This repository consists of wrapper scripts to help with using iptables in containers.
Specifically, it provides a wrapper script to select between the two modes of iptables 1.8 ("legacy" and "nft") at runtime, so that hostNetwork containers that examine or modify iptables rules will work correctly regardless of which mode the underlying system is using.
As of iptables 1.8, the iptables command line clients come in two different versions/modes: "legacy", which uses the kernel iptables API just like iptables 1.6 and earlier did, and "nft", which translates the iptables command-line API into the kernel nftables API.
Because they connect to two different subsystems in the kernel, you cannot mix and match between them; in particular, if you are adding a new rule that needs to run either before or after some existing rules (such as the system firewall rules), then you need to create your rule with the same iptables mode as the other rules were created with, since otherwise the ordering may not be what you expect. (eg, if you prepend a rule using the nft-based client, it will still run after all rules that were added with the legacy iptables client.)
In particular, this means that if you create a container image that will make changes to iptables rules in the host network namespace, and you want that container to be able to work on any host, then you need to figure out at run time which mode the host is using, and then also use that mode yourself. This wrapper is designed to do that for you.
In addition to the general problem of needing to use the right mode, there is a second problem with iptables 1.8, which is that the first few releases (1.8.0, 1.8.1, and 1.8.2) had bugs in nft mode that made them not work with kubelet and some other programs. In particular:
-
Some commands did not exit with success or failure in exactly the same situations as the legacy clients. Eg, with the legacy clients,
iptables -F CHAIN
would exit with an error if the chain did not exist, but with the nft-based clients up to 1.8.2, it would exit with success. -
In some cases it was possible to add a rule with
iptables -A
but then haveiptables -C
claim that the rule did not exist. (This led to kubelet repeatedly creating more and more copies of the same rule, thinking it had not been created yet.)
iptables 1.8.3 fixes these compatibility problems, but has a slightly
different problem, which is that iptables-nft
will get stuck in an
infinite loop if it can't load the kernel nf_tables
module. The
wrapper script has code to deal with this.

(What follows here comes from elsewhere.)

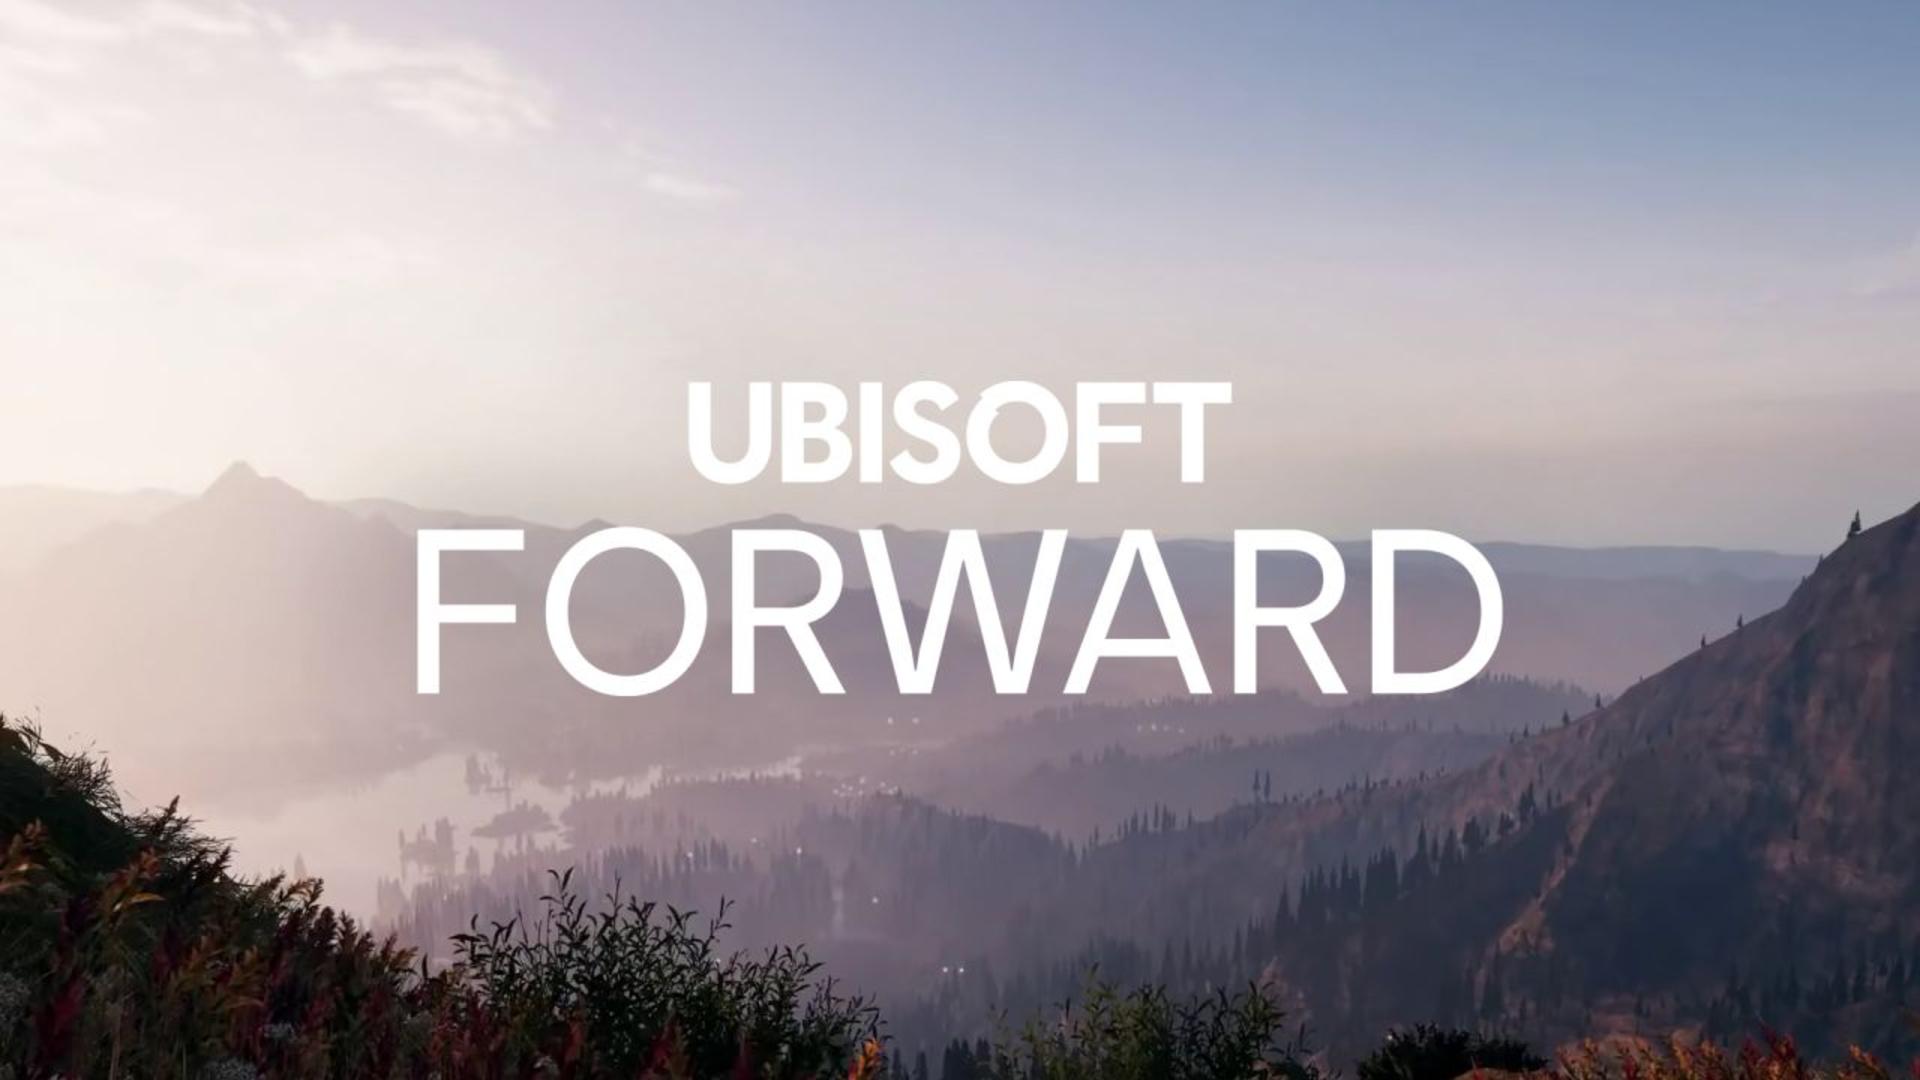 Ubisoft forward será o evento online em julho | f19f21a1 ubisoft forward | poquer | ubisoft forward poquer

All currently-known problems are fixed in iptables 1.8.4.
The iptables-wrapper-installer.sh
script in this repo will install
an iptables-wrapper
script alongside iptables-legacy
and
iptables-nft
in /usr/sbin
(or /sbin
), and adjust the symlinks on
iptables
, iptables-save
, etc, to point to the wrapper.
(Because of the known bugs, iptables-wrapper-installer.sh
will
refuse to install the wrappers into a container with iptables earlier
than 1.8.2. If you really know what you're doing you can pass
--no-sanity-check
to install anyway. Because it can work around the
bugs in 1.8.3, the installer will allow you to install with iptables
1.8.3.)
The first time the wrapper is run, it will figure out which mode the
system is using, update the iptables
, iptables-save
, etc, links to
point to either the nft or legacy copies of iptables as appropriate,
and then exec the appropriate binary. After that first call, the
wrapper will not be used again; future calls to iptables will go
directly to the correct underlying binary.
When building a container image that needs to run iptables in the host
network namespace, install iptables 1.8.3 or later in the container
using whatever tools you normally would. Then copy the
iptables-wrapper-installer.sh
script into your container, and run it to have it set up run-time
autodetection.
Some distro-specific examples:
-
Alpine Linux
FROM alpine:3.10 RUN apk add --no-cache iptables COPY iptables-wrapper-installer.sh / RUN /iptables-wrapper-installer.sh
-
Debian GNU/Linux
Debian stable (buster) ships iptables 1.8.2, but iptables 1.8.3 is available in buster-backports, so you should install it from there:
FROM debian:buster RUN echo deb http://deb.debian.org/debian buster-backports main >> /etc/apt/sources.list; \ apt-get update; \ apt-get -t buster-backports -y --no-install-recommends install iptables COPY iptables-wrapper-installer.sh / RUN /iptables-wrapper-installer.sh
-
Fedora
Fedora 31 is the first release to include iptables 1.8.3. (Similarly to the Debian example, you might be able to build an image based on Fedora 30 or 29 if you use
dnf --releasever 31 ...
to install the F31 iptables packages.)FROM fedora:31 RUN dnf install -y iptables iptables-nft COPY iptables-wrapper-installer.sh / RUN /iptables-wrapper-installer.sh
-
RHEL / CentOS
RHEL/CentOS 7 ship iptables 1.4, which does not support nft mode. RHEL/CentOS 8 ship a hacked version of iptables 1.8 that only supports nft mode. Therefore, neither can be used as a basis for a portable iptables-using container image.